EDIT Further information
- None of the new nodes will do a clean reboot either - they get wedged in "stopping iSCSI" on a reboot and I have to use the drac to remotely repower them.
- Xencenter is adamant that the nodes are in maintenance mode and that they haven't finished booting.
Good pool node:
[root@node1 ~]# multipath -ll
36f01faf000eaf7f90000076255c4a0f3 dm-36 DELL,MD36xxi
size=3.3T features='3 queue_if_no_path pg_init_retries 50' hwhandler='1 rdac' wp=rw
|-+- policy='round-robin 0' prio=12 status=enabled
| |- 14:0:0:6 sdg 8:96 active ready running
| `- 15:0:0:6 sdi 8:128 active ready running
`-+- policy='round-robin 0' prio=11 status=enabled
|- 12:0:0:6 sdc 8:32 active ready running
`- 13:0:0:6 sdh 8:112 active ready running
36f01faf000eaf6fd0000098155ad077f dm-35 DELL,MD36xxi
size=917G features='3 queue_if_no_path pg_init_retries 50' hwhandler='1 rdac' wp=rw
|-+- policy='round-robin 0' prio=14 status=enabled
| |- 12:0:0:5 sdb 8:16 active ready running
| `- 13:0:0:5 sdd 8:48 active ready running
`-+- policy='round-robin 0' prio=9 status=enabled
|- 14:0:0:5 sde 8:64 active ready running
`- 15:0:0:5 sdf 8:80 active ready running
Bad node
[root@vnode3 ~]# multipath
Dec 24 02:56:44 | 3614187703d4a1c001e0582691d5d6902: ignoring map
[root@vnode3 ~]# multipath -ll
[root@vnode3 ~]# (ie no response at all, exit code was 0)
Bad node
[root@vnode3 ~]# iscsiadm -m session
tcp: [1] []:-1,2 ▒A<g▒▒▒-05.com.dell:powervault.md3600i.6f01faf000eaf7f900000000531ae9bb (non-flash)

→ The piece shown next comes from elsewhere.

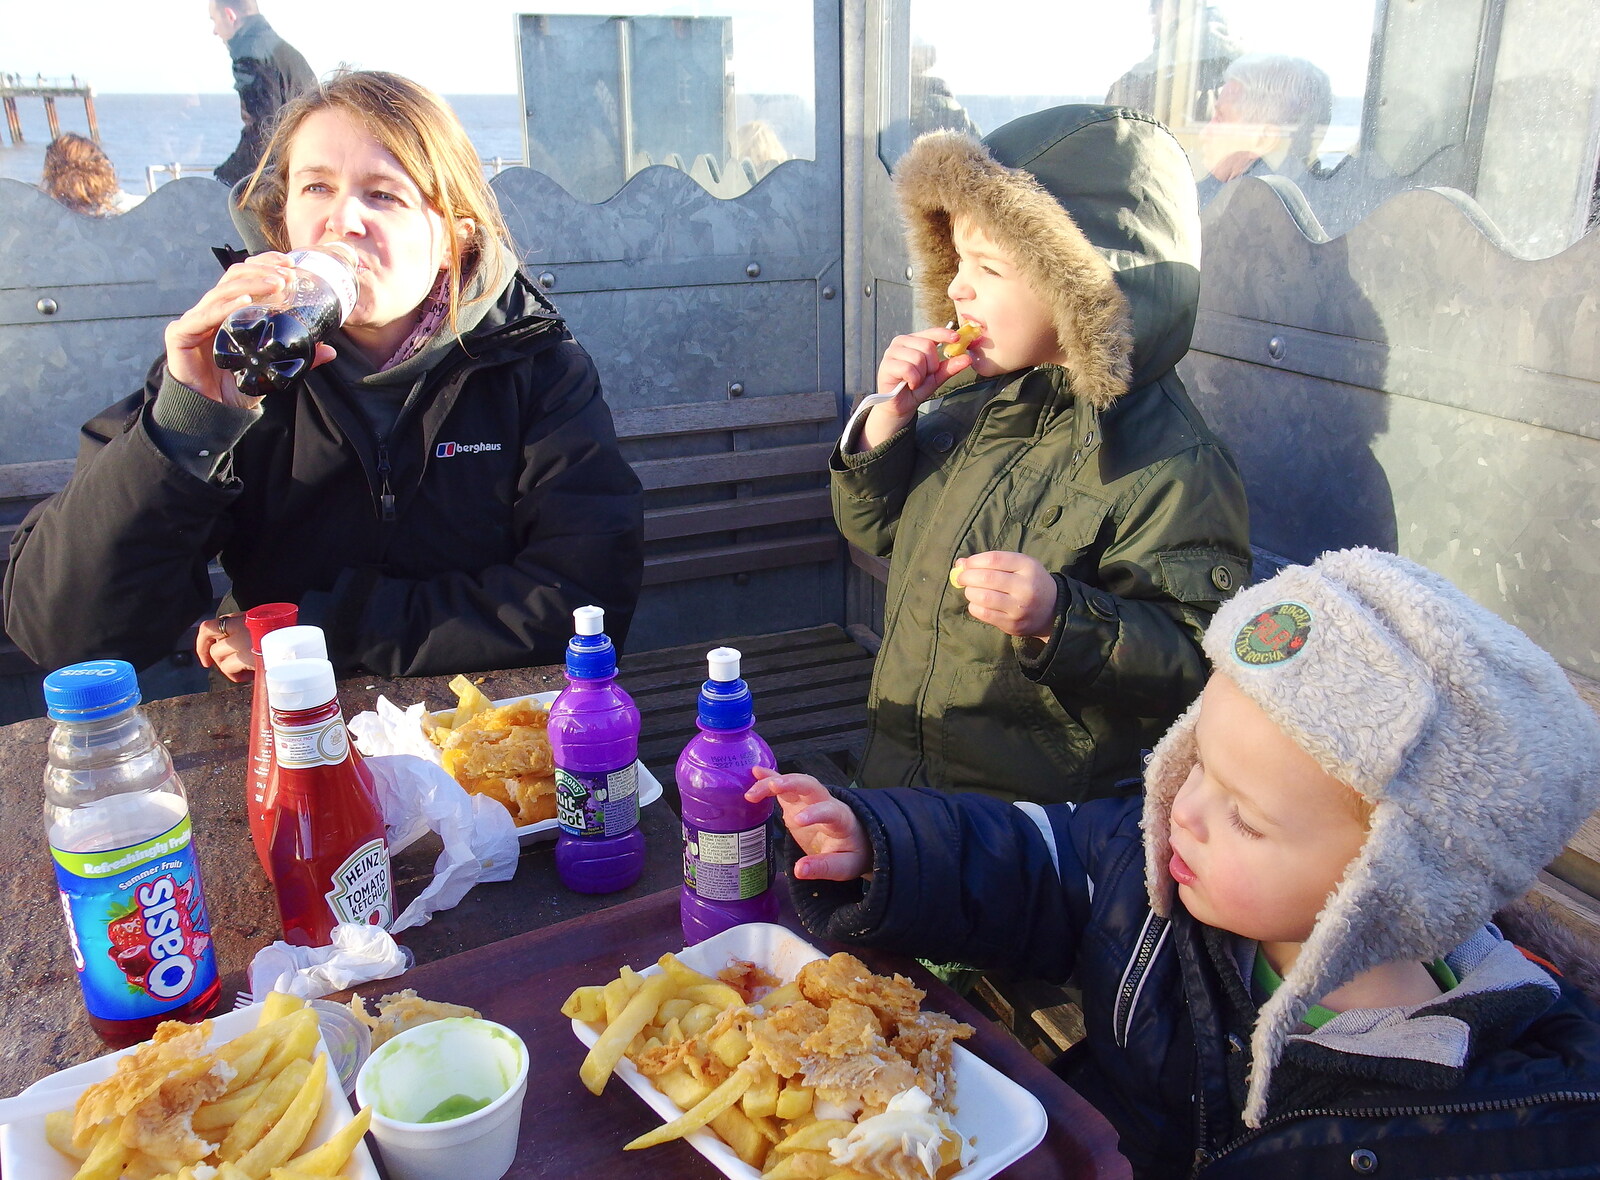 Eating Fish and Chips in the cold from Post-Christmas Southwold, Suffolk - 29th December 2013
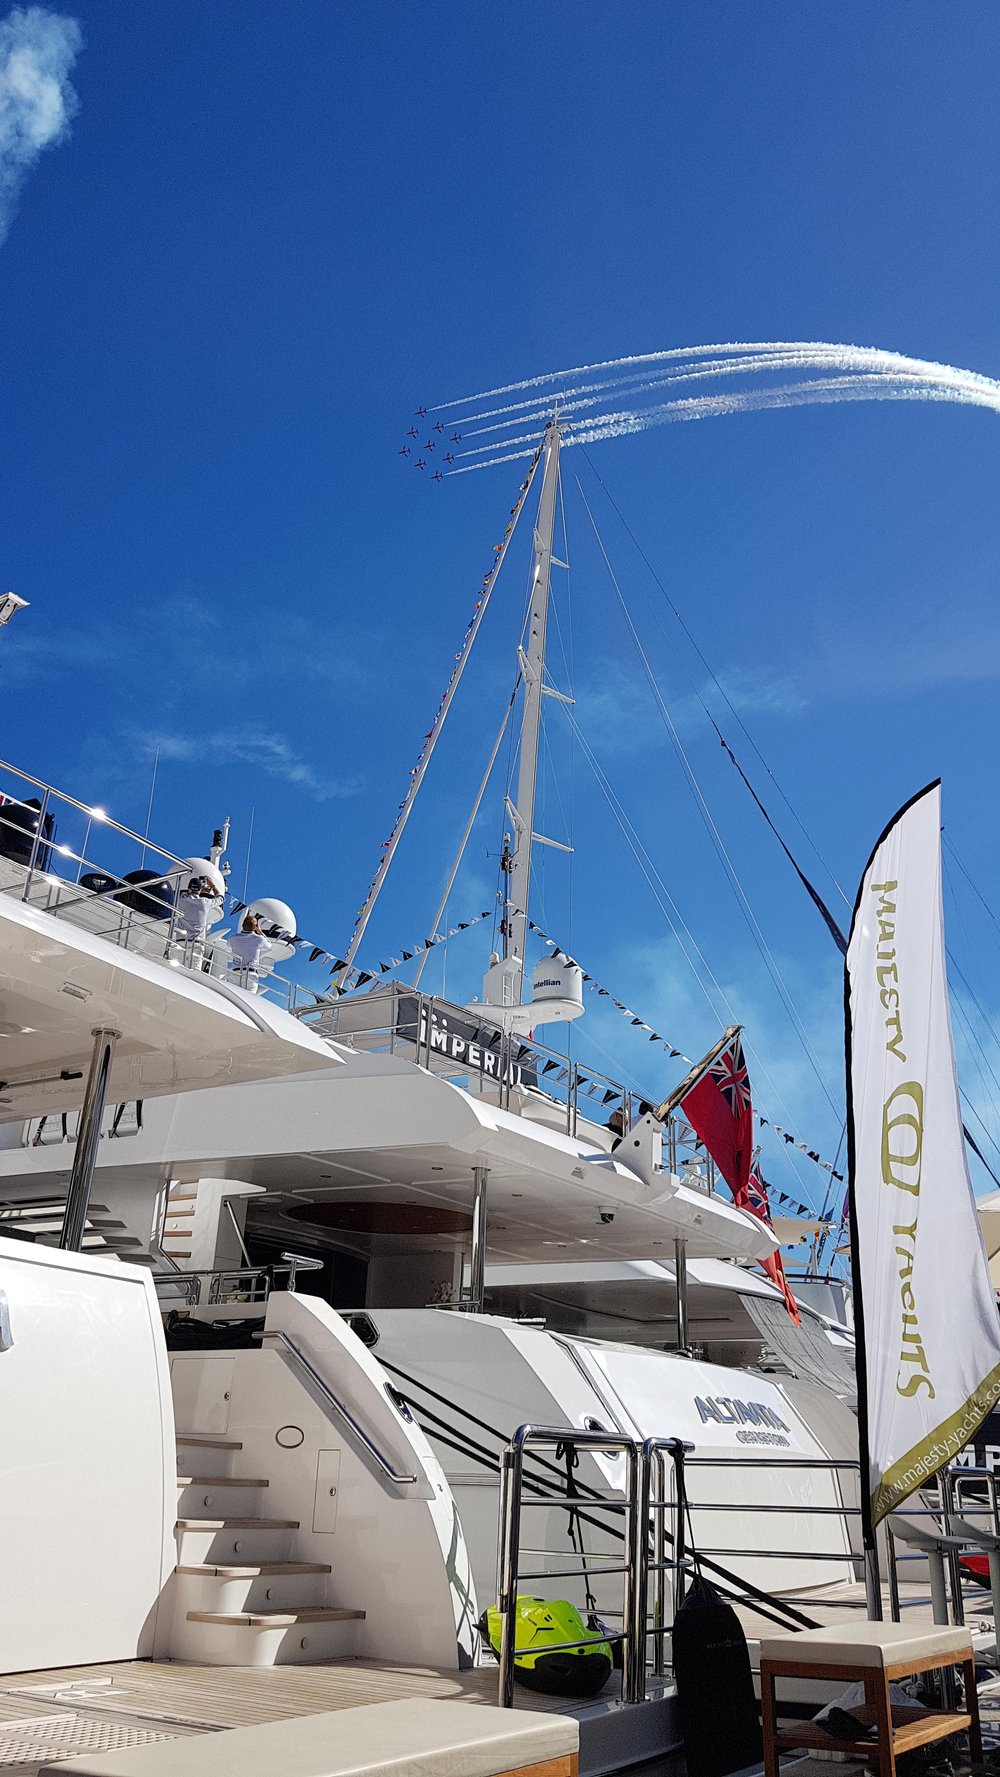 Gulf Craft at the 2018 Monaco Yacht Show-Day 2

tcp: [2] 10.19.3.12:3260,1 iqn.1984-05.com.dell:powervault.md3600i.6f01faf000eaf7f900000000531ae9bb (non-flash)
tcp: [3] 10.19.3.11:3260,1 iqn.1984-05.com.dell:powervault.md3600i.6f01faf000eaf7f900000000531ae9bb (non-flash)
tcp: [4] 10.19.3.14:3260,2 iqn.1984-05.com.dell:powervault.md3600i.6f01faf000eaf7f900000000531ae9bb (non-flash)
[root@vnode3 ~]# iscsiadm -m node --loginall=all
Logging in to [iface: default, target: iqn.1984-05.com.dell:powervault.md3600i.6f01faf000eaf7f900000000531ae9bb, portal: 10.19.3.13,3260] (multiple)
^C iscsiadm: caught SIGINT, exiting...
So it tries to log into an IP on the SAN, but spins its wheels for hours till I hit ^C.